- Battle of Wytyczno: Part of the Soviet Invasion of Poland in the European theatre of World War II
| Date | October 1, 1939 |
| Location | Wytyczno, near Włodawa, Poland |
| Result | Soviet victory |

Belligerents
- Soviet Union: Poland

Commanders and leaders
- Vasily Sokolov: W. Orlik-Rueckemann

Strength
- 1,200 men 20 guns 70 tanks: 2,000 men 13 guns

Casualties and losses
- 80 killed 102 wounded 4 tanks destroyed: 200 killed 467 wounded

= Battle of Wytyczno =

1939 battle in Poland in WWII

The battle of Wytyczno took place on October 1, 1939, near the village of Wytyczno near Włodawa in Poland. It was a struggle between the Polish forces of the Border Defence Corps of General Wilhelm Orlik-Rückemann and the Soviet Red Army during the invasion of Poland.

After the battle of Szack on September 28, the Polish commander decided to cross the Bug River and continue the fight there. After a short rest, on September 30 the Poles had crossed the river. Although largely victorious in most of the fights against the Soviets, the Polish unit was reduced to merely 3,000 men and was lacking heavy equipment and ammunition. In addition, most of the soldiers of the Border Defence Corps had been forced to cross large parts of Poland, with the average unit crossing almost 500 kilometres in two weeks.

After crossing the Włodawa-Trawniki road, shortly after 1 AM on October 1, the Polish unit was attacked by a tank unit of the Soviet 45th Rifle Division. Polish Bofors 37 mm guns opened fire at close range and the Soviet unit withdrew losing four T-26 tanks. Soon after daybreak the Soviets returned, this time with the majority of 45th division's units. The Soviets, expecting the Polish unit to be completely routed and composed entirely of officers, started a frontal assault on the village of Wytyczno. However, the Polish tabors crossed the road into the forest behind the village and placed artillery posts there, which enabled the defending Poles to hold their positions.

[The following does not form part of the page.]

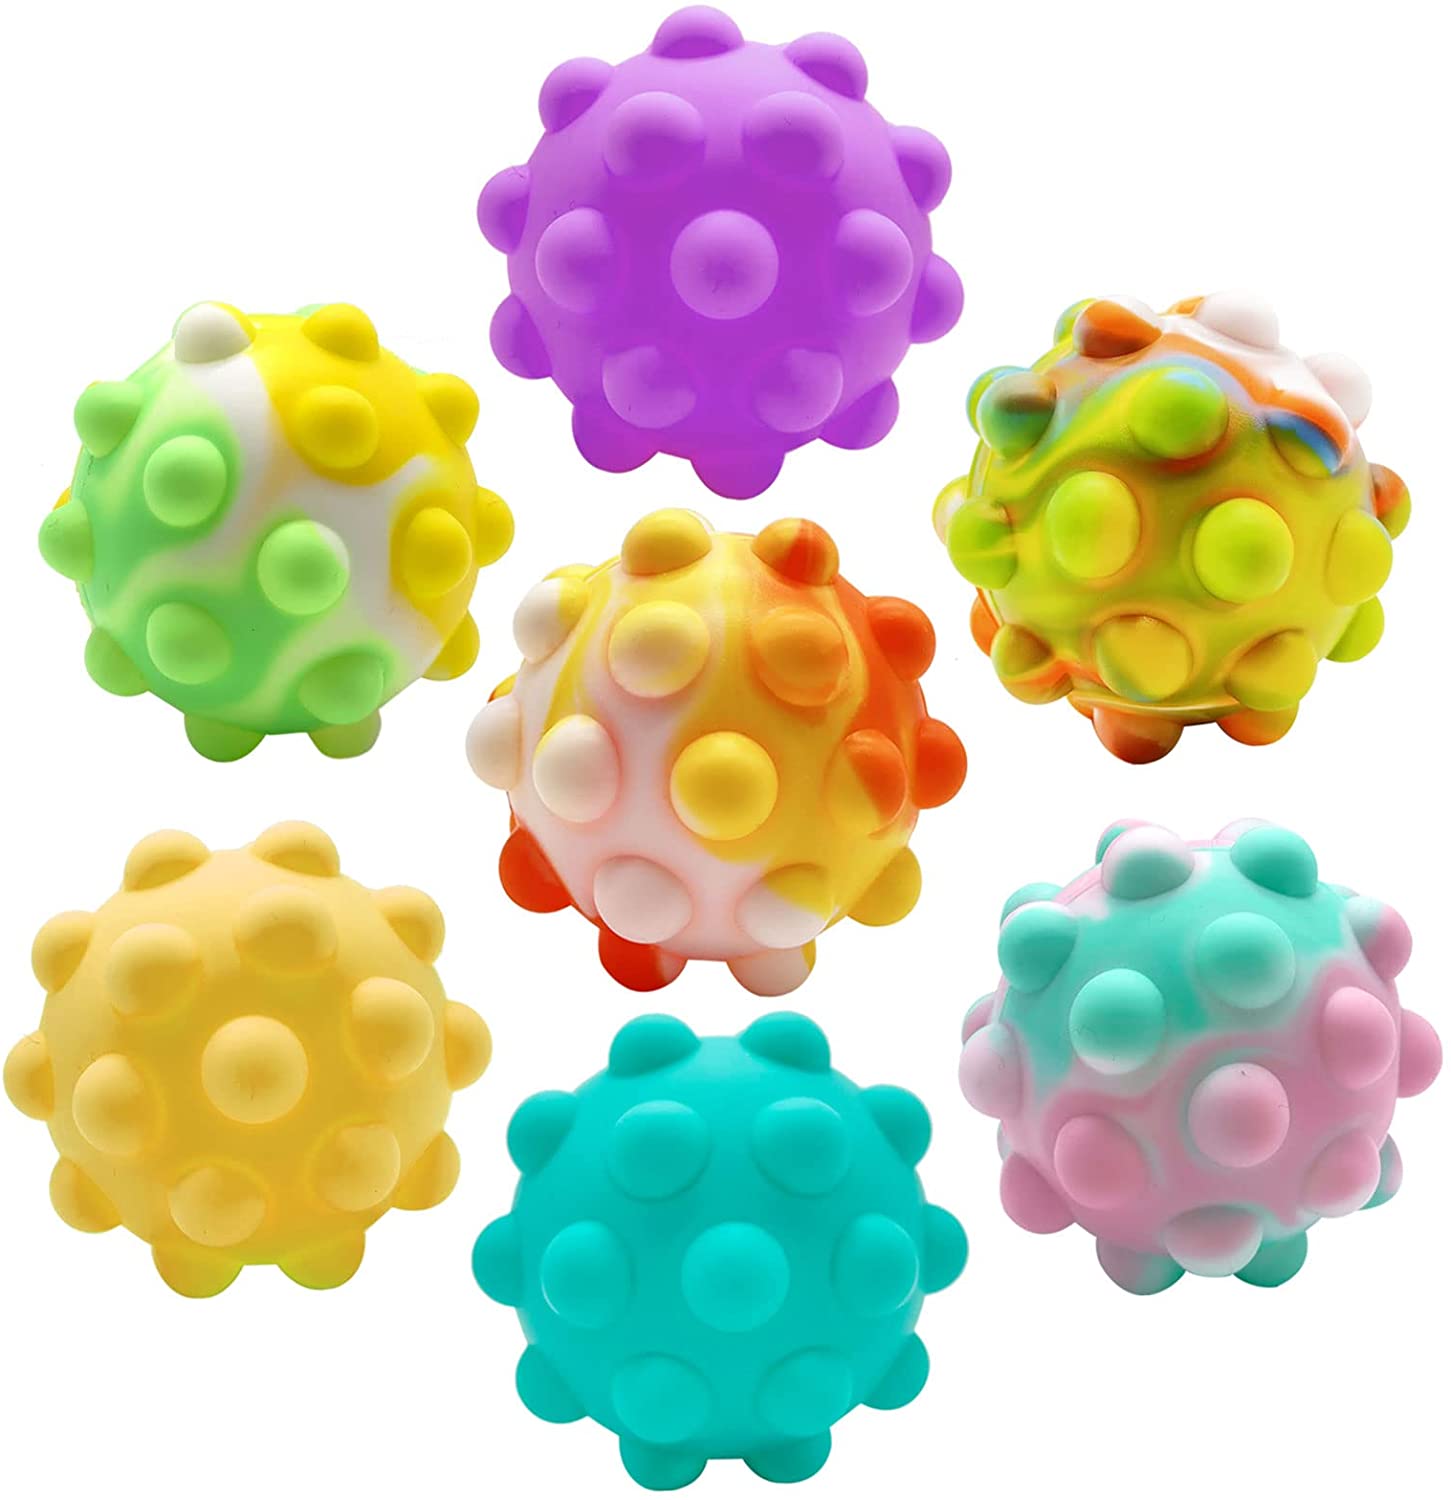 Pop Push Stress Relief 3D Ball Cykapu 7 Pack Stress Ball Pop Fidget Toy 3D Silicone Squeeze Sensory Bubbles Balls Autism ADHD Adult and Child Pressure Decompression Toys Set Best Christmas Gift Set
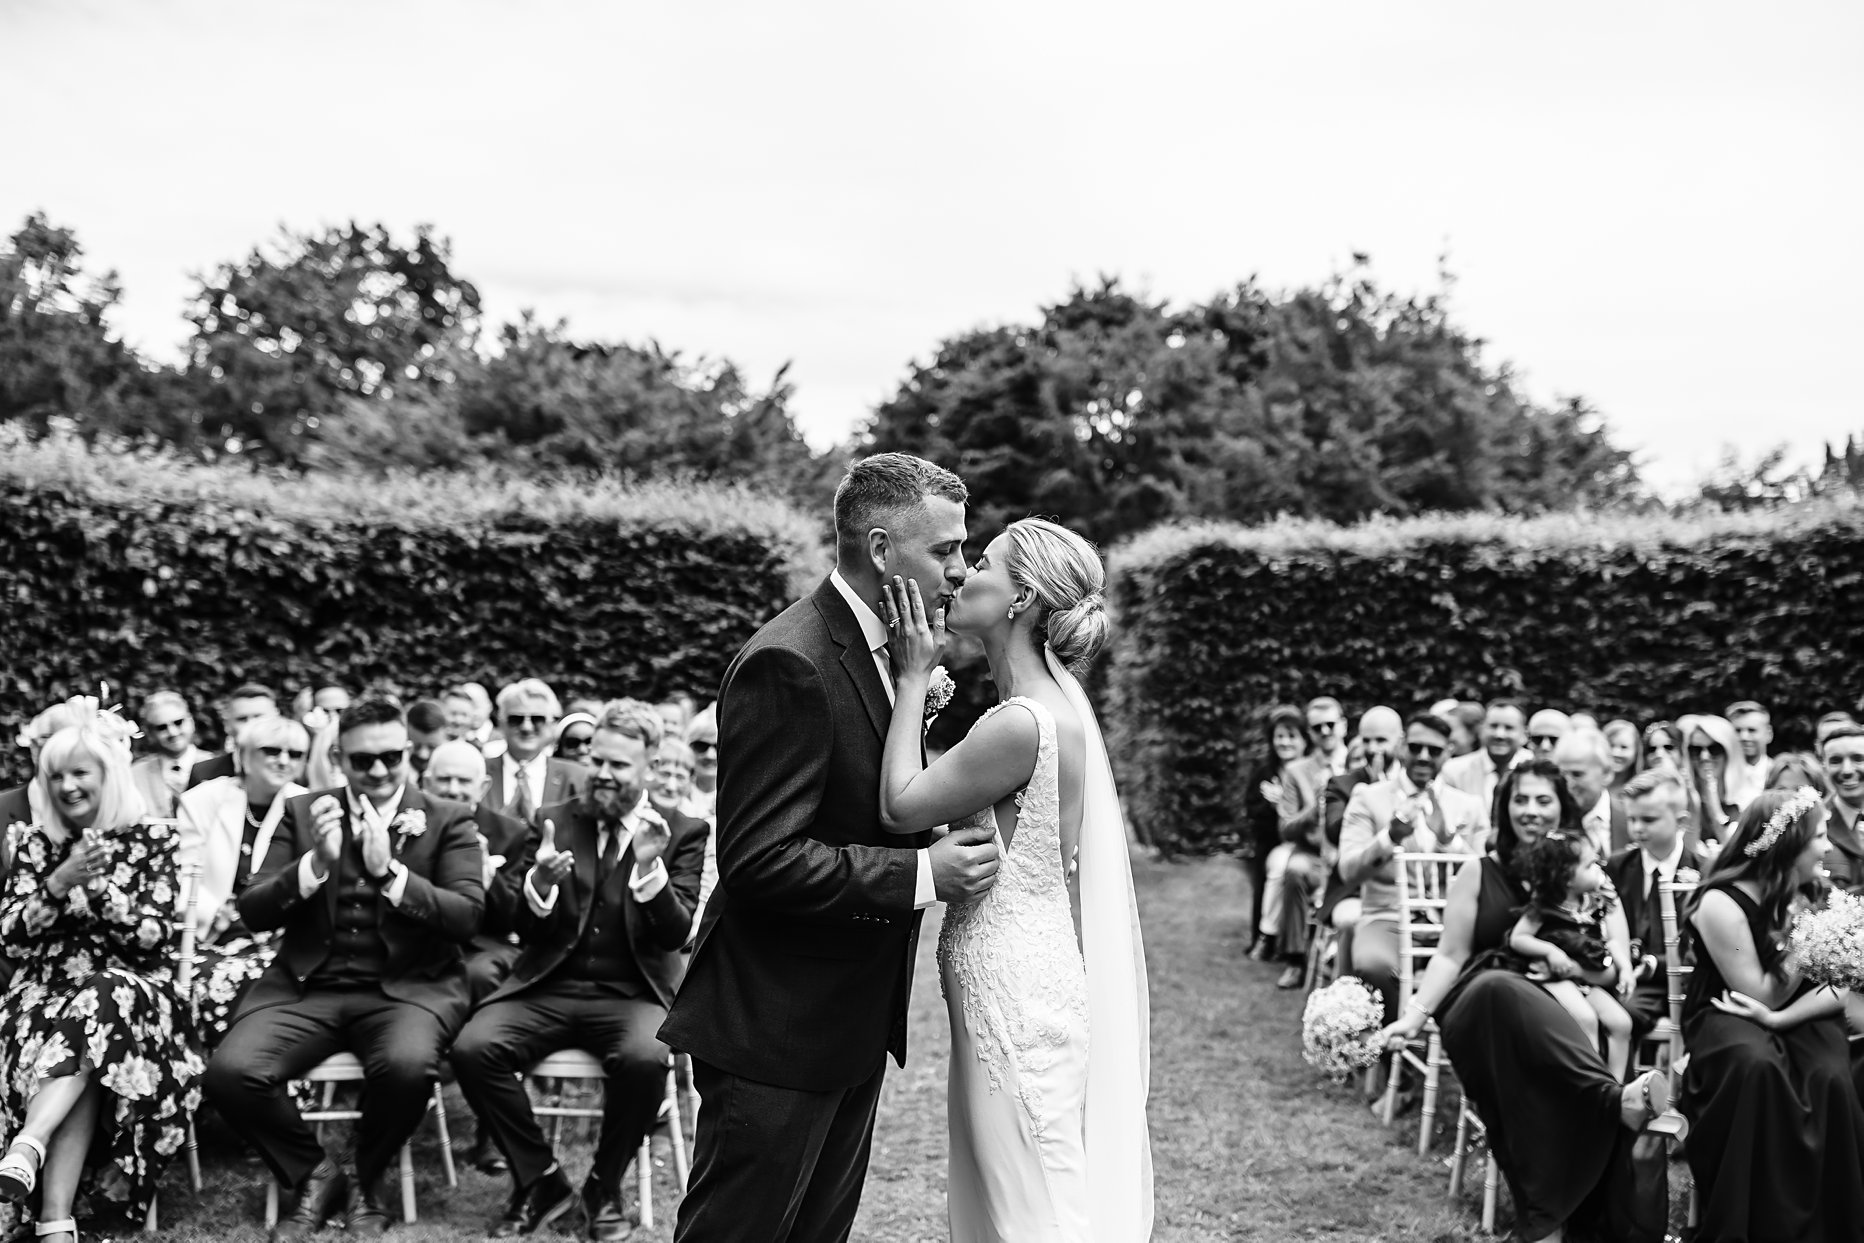 Outdoor ceremony at Saltmarshe hall. Black and white photo of a bride and groom having their first kiss after their ceremony. The bride is holding the grooms face and guests are sat behind clapping.

The struggle for the village continued, with both sides suffering heavy losses. At 9 AM the Polish 75 mm artillery had no more than 60 shells left and the howitzers had not more than 10 per barrel. To lessen the enemy pressure on the centre of the Polish units, Orlik-Rückemann ordered the Polesie Battalion to attack the left flank of the enemy. However, the soldiers were too tired to start the assault and most of them simply declined to follow the order. Commander of the Sarny Regiment, Col. Nikodem Sulik, reported that the Polish defences were getting weaker with every hour and with all probability the battle would end by dawn with a complete Polish defeat. At 10.30 a war council was held and it was decided that the only option for his men to survive was to withdraw, divide the unit onto smaller detachments and try to break through to the units of Independent Operational Group Polesie fighting nearby. At noon the Polish units successfully withdrew to the forests. Most of them joined the other Polish unit, while Orlik-Rückemann found his way to Great Britain through Lithuania and Sweden.